11. Particularly having regard to the subject matter (the claim for personal injury) and the defendant's potential involvement in the plaintiff's accident, I have no difficulty in concluding that the solicitors acting in this matter were receiving a communication because litigation was contemplated and also that their advice was being sought by the plaintiff in respect of the matters in respect of which the communication was made. Although it would have been preferable for the plaintiff to have provided direct evidence of that state of affairs, a consideration of all the circumstances does not leave open a reasonable conclusion that this was not the position (cf Nickmar Pty Ltd & Anor v Preservatrice Skandia Insurance Ltd (1985) 3 NSWLR 44 at 55 and 56). See, too, Southern Equities Corporation Ltd & Ors v WA Government Holdings Ltd & Ors (1993) 10 WAR 1 at 4. I also add that the letter accompanying the first statement sent to the first defendant for signature referred specifically to the establishment of negligence on the part of the plaintiff and an award being made in the plaintiff's favour. The recording of a file note and the preparation of a statement on the basis of information provided by a person who had to be considered as the prospective defendant for any proceedings which might ensue in respect of the plaintiff's injury, could only have been in anticipation of proceedings.

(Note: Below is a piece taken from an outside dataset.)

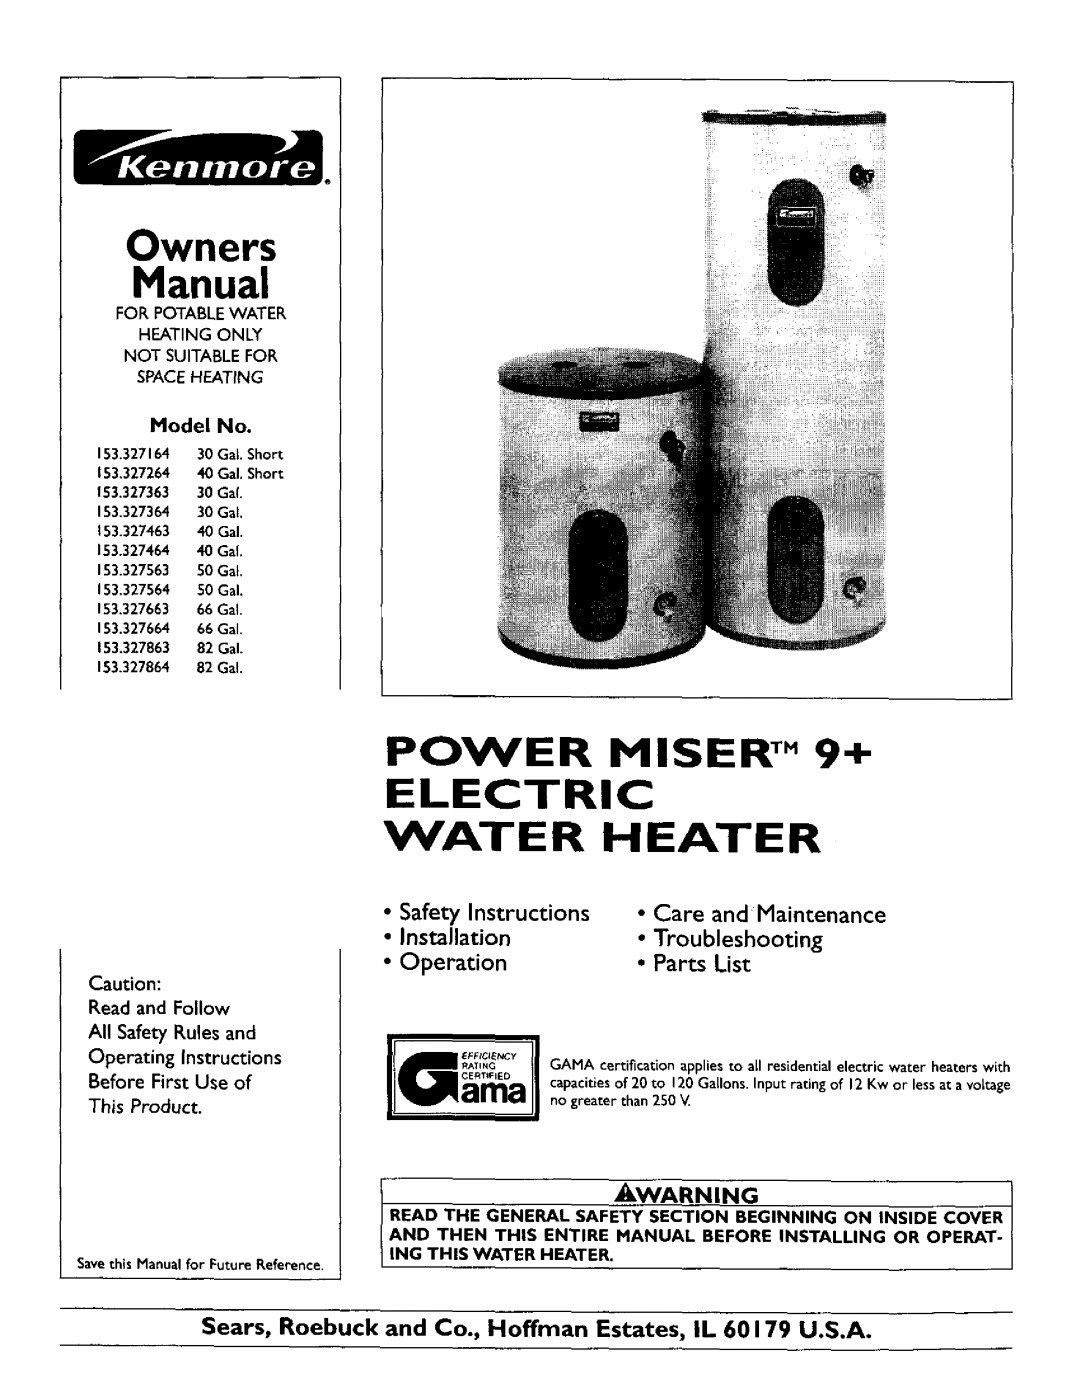 Kenmore 153.327664 owner manual Owners, Manual, POWER MISER TM 9+ ELECTRIC WATER HEATER, Installation, Troubleshooting 
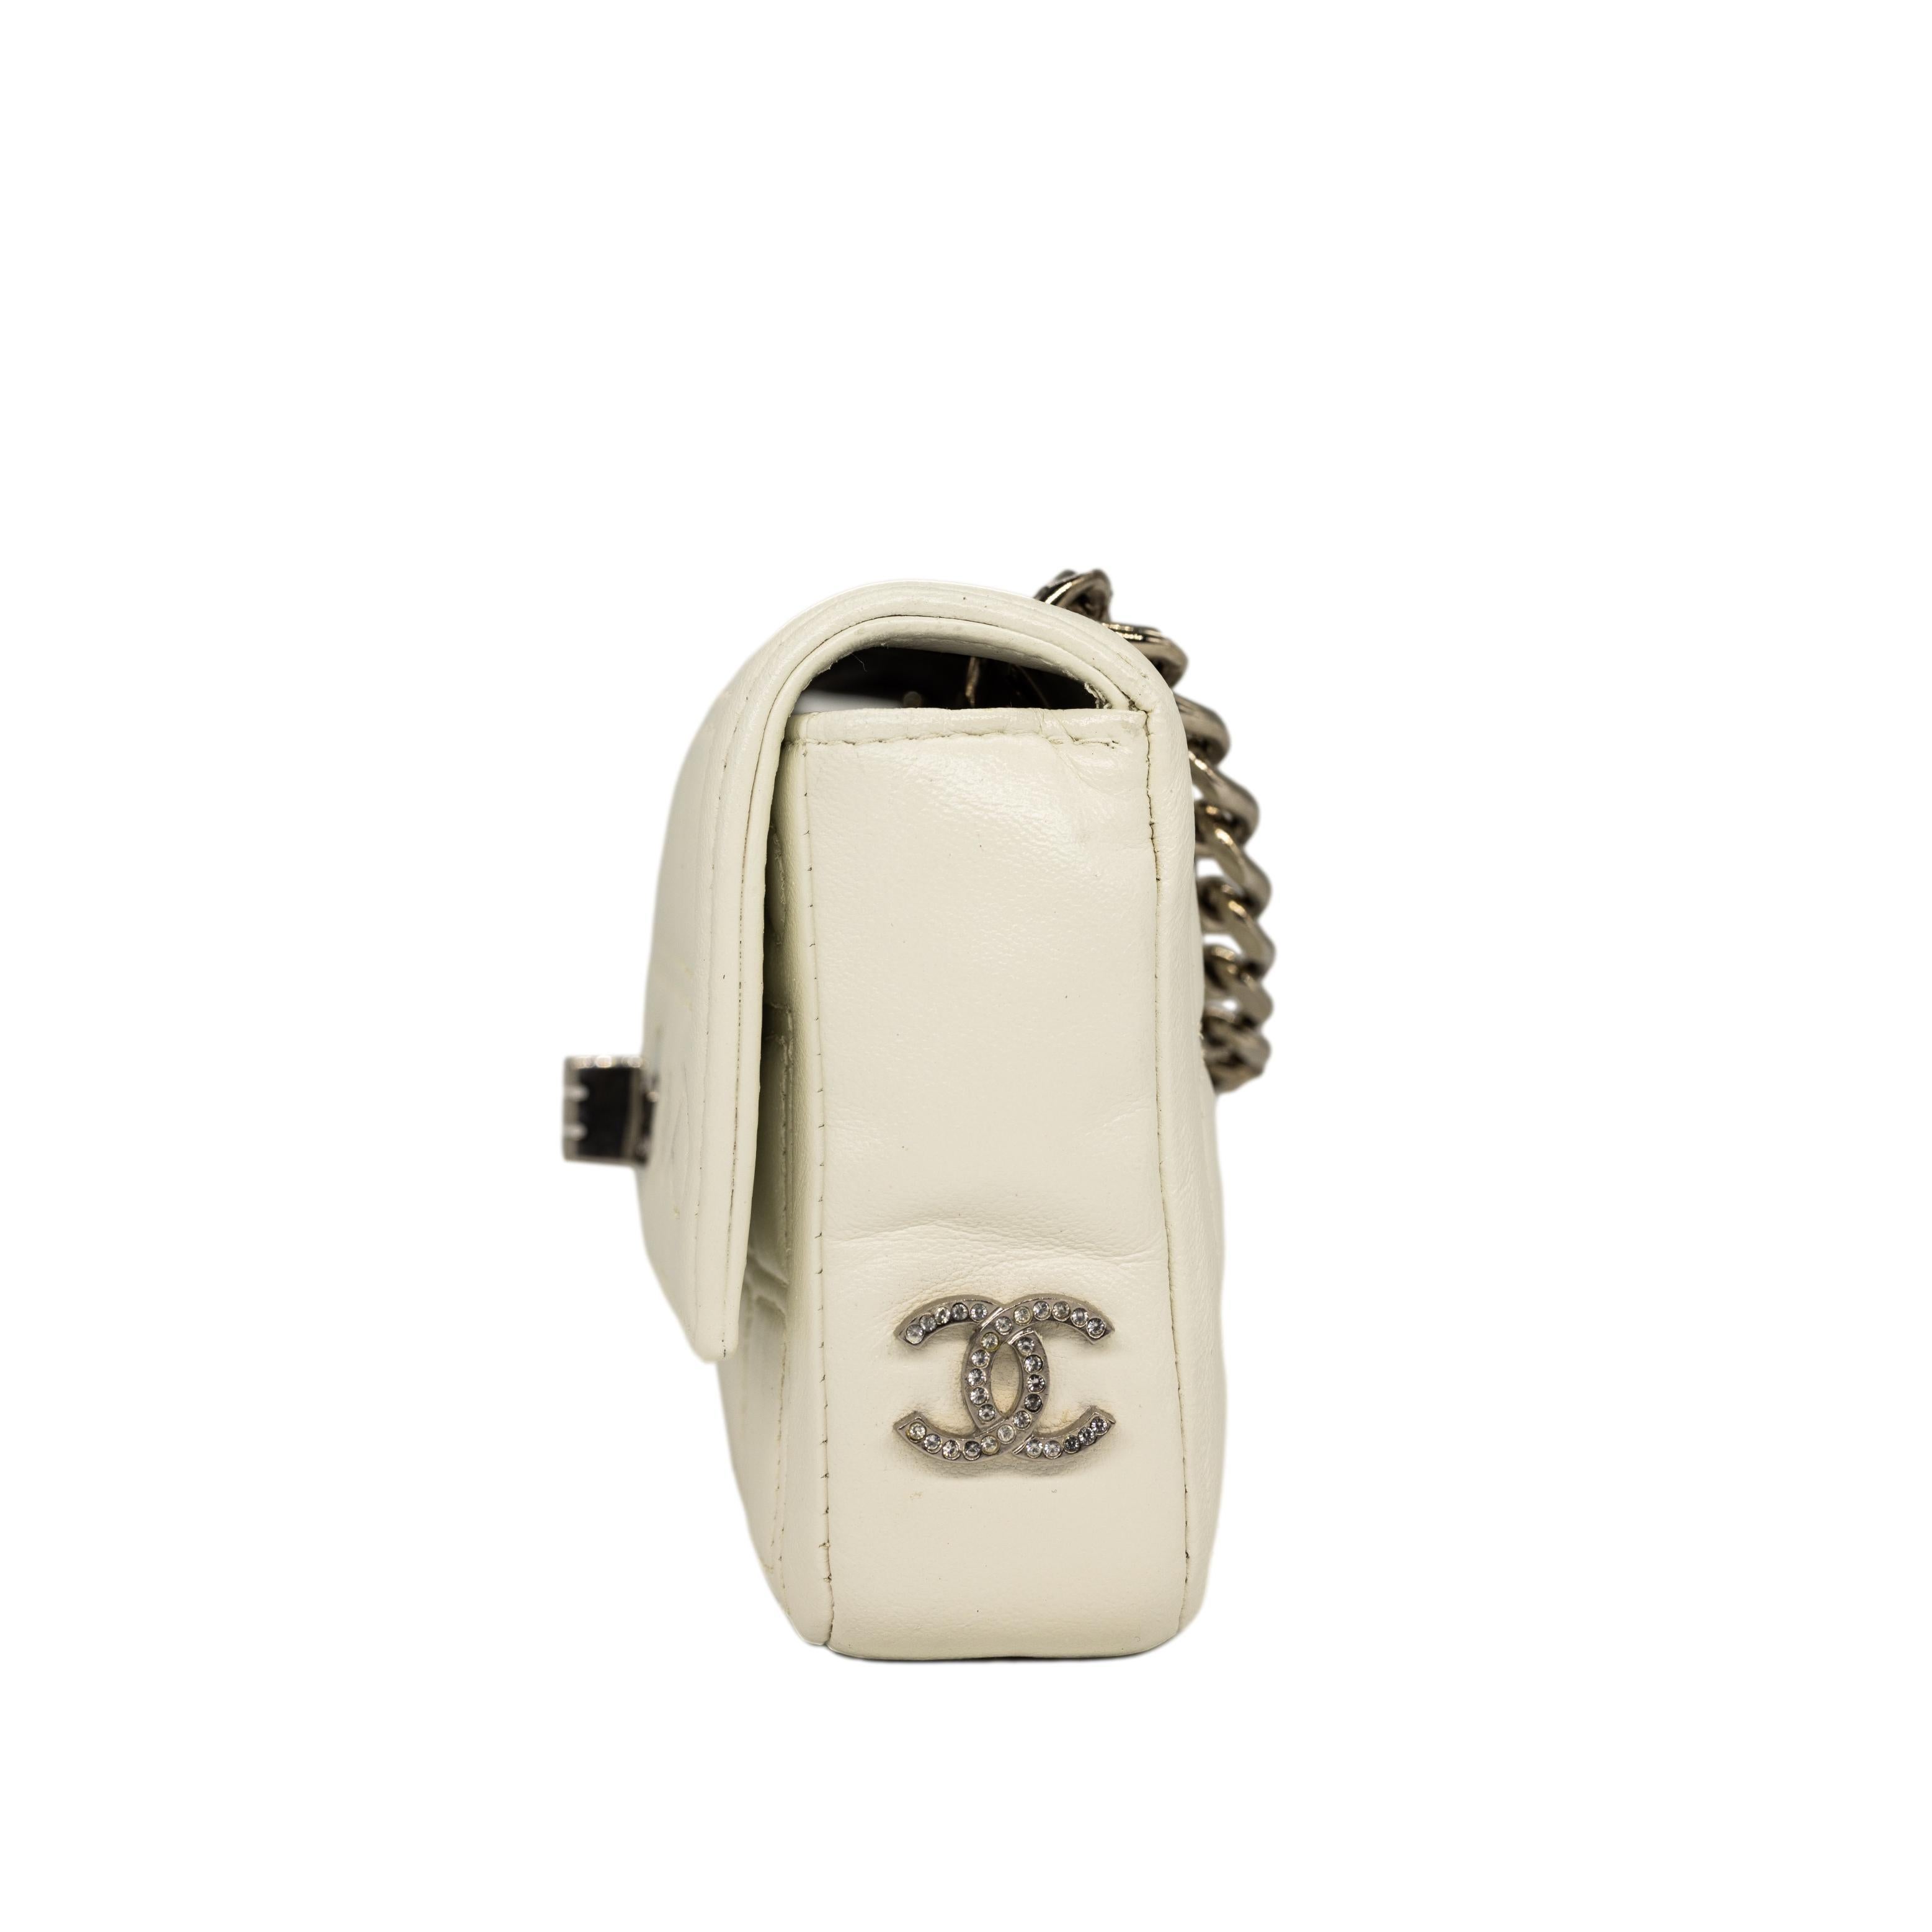 Chanel Limited Edition 2.55 Re-Issue White Mini Chocolate Bar Shoulder Bag, 2002 1

12. It follows that the Master could be satisfied that, whilst the communication constituted by the telephone conversations themselves was known to the first defendant, its incidents, namely the file notes and any subsequently written statements derived from them, were capable of attracting a claim for privilege.
13. In this respect, I regard what Doyle CJ said in Health & Life Care Ltd v Price Waterhouse & Ors [1997] SASC 6306; (1997) 69 SASR 362 as pertinent. He said, at 364, after referring to the judgments of members of the High Court in Commissioner, Australian Federal Police v Propend Finance Pty Ltd [1997] HCA 3; (1997) 188 CLR 501 at 507-508, per Brennan CJ; (at 515) per Dawson J; (at 543) per Gaudron J; (at 5551-552) per McHugh J; (at 568) per Gummow J and (at 585) per Kirby J:
"It also appears from those portions of the judgments just referred to that the subject matter of the privilege is a communication. Or, to be a little more precise, a communication of information. Confusion can arise if one loses sight of this point and focuses attention upon a document constituting or recording a communication, when a document is in question, rather than upon the communication contained within and made by the document."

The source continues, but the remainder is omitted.